第5回生殖系懇話会(2023年)①男性ホルモンによる性差形成と生殖機能の成熟(久留米大学・嶋雄一)

(日本医大 瀧澤俊広)

リンパ・免疫系懇話会

 本懇話会の歴史は古く,30年以上,継続して参りました.立ち上げられたのは,福本哲夫教授(山口大学)・伊藤恒敏教授(東北大学)のお二人です.解剖学会にリンパ・免疫系の研究を根付かせ広げてゆこうという,強いお気持ちがあったと伺っています.その情熱は藤倉義久教授(大分大学)・佐々木克典教授(信州大学)に受け継がれました.現在の世話人が3代目です.

 この懇話会では,リンパ・免疫系の器官や細胞について,多岐にわたる研究を紹介して参りました.解剖学者だけではなく,免疫学者や各種臨床家をゲストとしてお招きし,幅広__い視野でリンパ・免疫系を捉えるように心がけています.この懇話会を起点にし,研究方法を検討したり共同研究に繋げたりと,参加者どうしの研究を推進する上でも貴重な場となっています.近年は,解剖学の研究を再生医療分野などへ臨床応用するための議論も進めて参りました.

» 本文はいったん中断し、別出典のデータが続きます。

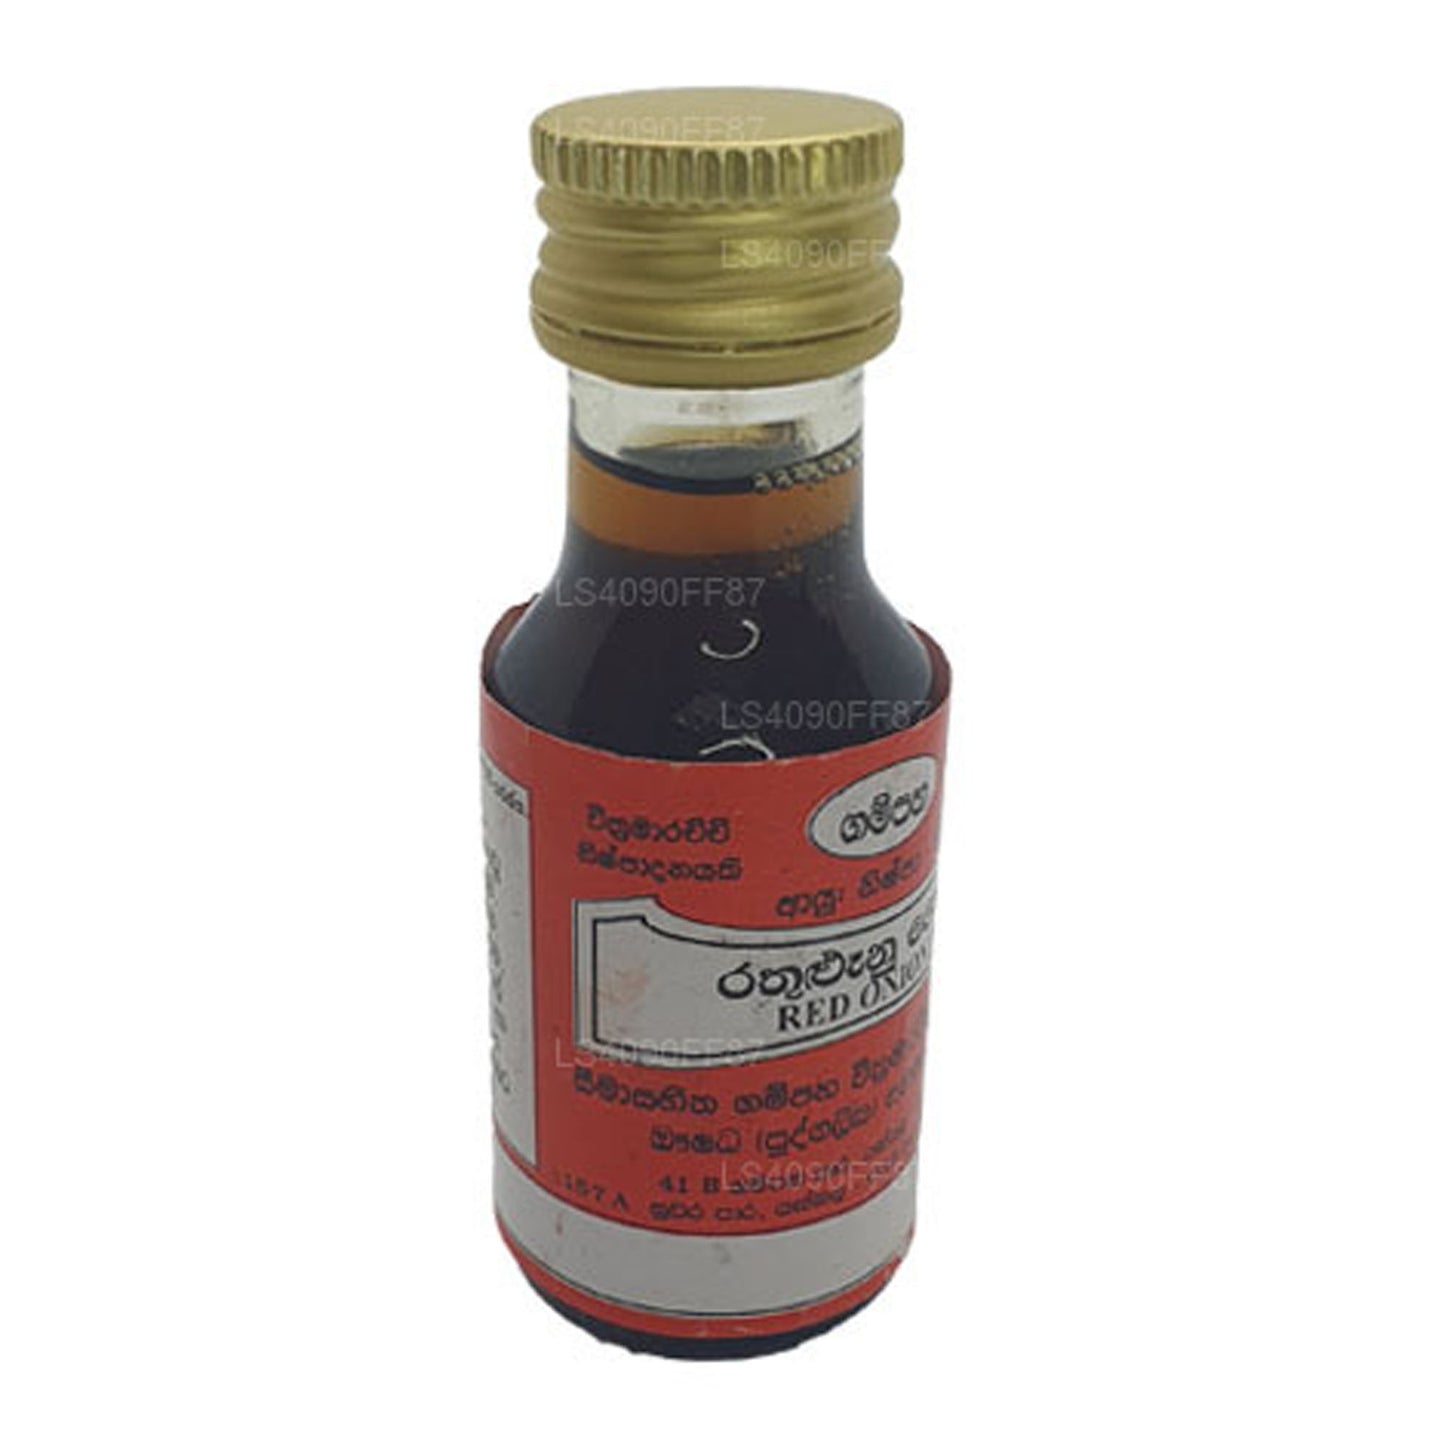 Olej z czerwonej cebuli Gampaha Wickramarachchi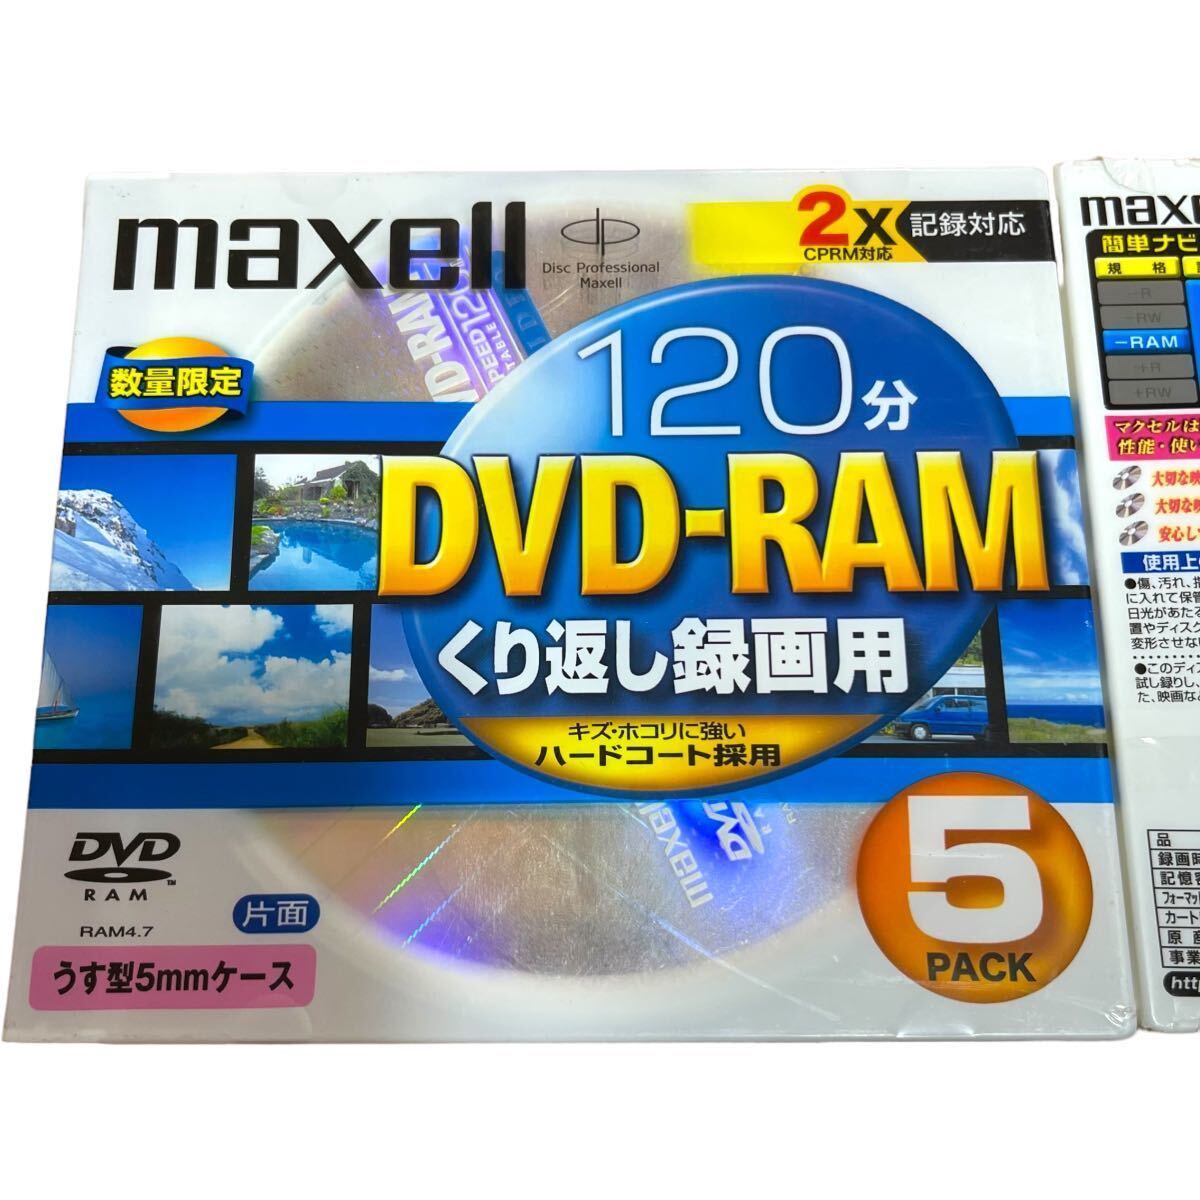 未開封 maxell マクセル DVD-RAM 4.7GB 片面120分 うす型5mmケース 計10枚 くり返し録画用 2X記録対応 CPRM対応 ハードコート DRM120ST_画像3

 2023年3月の解剖学会では,コロナ禍による懇話会の中断が明け,久保田義顕教授(慶應義塾大学医学部 解剖学教室)の「血管・リンパ管内皮細胞の可塑性とそのメカニズム」のご講演を拝聴しました.この分野の秘めた可能性に胸が膨らむ思いでした.

 この懇話会をここまで続けることができましたのも,解剖学会のみなさまのご協力あってのことと感謝しています.リンパ・免疫系は,臨床的にも益々注目が集まっている分野です.他分野の研究をされている先生方にもお声がけをし,充実した懇話会にしてゆきたいと思います.今後ともどうぞ宜しくお願いいたします.

(弘前大学 下田浩,獨協医科大学 徳田信子)

解剖技術研究・研修会

 解剖・組織技術研究会は日本解剖学会・認定解剖組織技術者資格審査委員会が認定する技術職員の研修と交流を目的とした会です.2002年に発足し,2003年から3月の研修会とは別に年に一度独自の研修会を行っています.今年で24回開催となりました.3月に「解剖技術研究・研修会」,11月に「解剖・組織技術研修会」の2つを開催しています.研修会は実際に解剖業務を担当している技術職員に対応したものとなっており,防腐処置方法,感染症対策,サージカルトレーニング等について,発表形式,討論形式,講演方式で行われています.研修会には解剖学教員の参加,助言もいただき,相互理解の一助となっています.近年の献体に関わる不適切事案を受けて,間違いの無い業務遂行や技術の向上のために技術職員同士が情報交換・情報共有することの重要性が一段と高まったことと思われます.その一端を担うためにも,できるだけ敷居を低くし,全国の解剖学教室・技術職員が気軽に参加できるように努力しています.一方,研究会では日頃からホームページ,メーリングリストを活用し,会員間の日々の問題解決や情報交換にも積極的に寄与しています.

 11月の実務担当者研修会翌日には独自の研修会を開催していますが,実務担当者研修会で取り上げられたテーマを翌日の研修会でも角度変えて現場担当者の目線で問題点,改善点を討論しています.大きな話題も含め身近な改良,工夫などの発表・議論の場としても機能してきました.これからも貴重な交流の機会と位置付け,さらなる充実を図り,継続していく所存です.

(獨協医科大学 櫻井秀雄)

神経解剖懇話会

 「神経解剖懇話会」は,第128回日本解剖学会学術集会(2023年3月)におきまして,永井裕崇先生(神戸大)のオーガナイズで,公募シンポジウム「行動を制御する特異的神経回路とその可塑性メカニズム」として55回目を開催いたしました.コロナ感染症蔓延の影響により,長らくオンサイト開催が叶いませんでしたが,この度は実に4年ぶりに対面による講演が実現いたしました.4名の御講演をいただきました.笠井淳司先生(大阪大)は,ストレス応答に関わる神経機構について前障を中心とした神経回路を全脳的イメージング技術で解析したお話をご発表くださいました.本城咲季子先生(筑波大)は,睡眠/覚醒の制御メカニズムについて様々な脳領域の活動がどのように関わるのかを神経活動操作技術による解析で調べたことをお話しくださいました.國石洋先生(福井大)は,社会性や情動行動に関与する眼窩前頭皮質から扁桃体へ投射する神経投射回路に注目し,個体レベルの社会的相互作用の剥奪がどのように影響するかについて講演してくださいました.船橋靖広先生(藤田医科大)のお話は,忌避行動の学習について,リン酸化プロテオミクス法を用いた徹底的なキナーゼ基質の検索によって分子シグナリングメカニズムを明らかにしたものでした.おかげさまで,立ち見が出るほどの大盛況でして,フロアでの充実した議論もございました.

 次回の神経解剖懇話会は,2024年3月の解剖学会学術集会におきまして,小西博之先生(名古屋大)のオーガナイズで「脳の境界部」に注目した会を企画してくださっております.多くの方々に興味を持ってもらって,ご参加いただければ,大変嬉しく思います.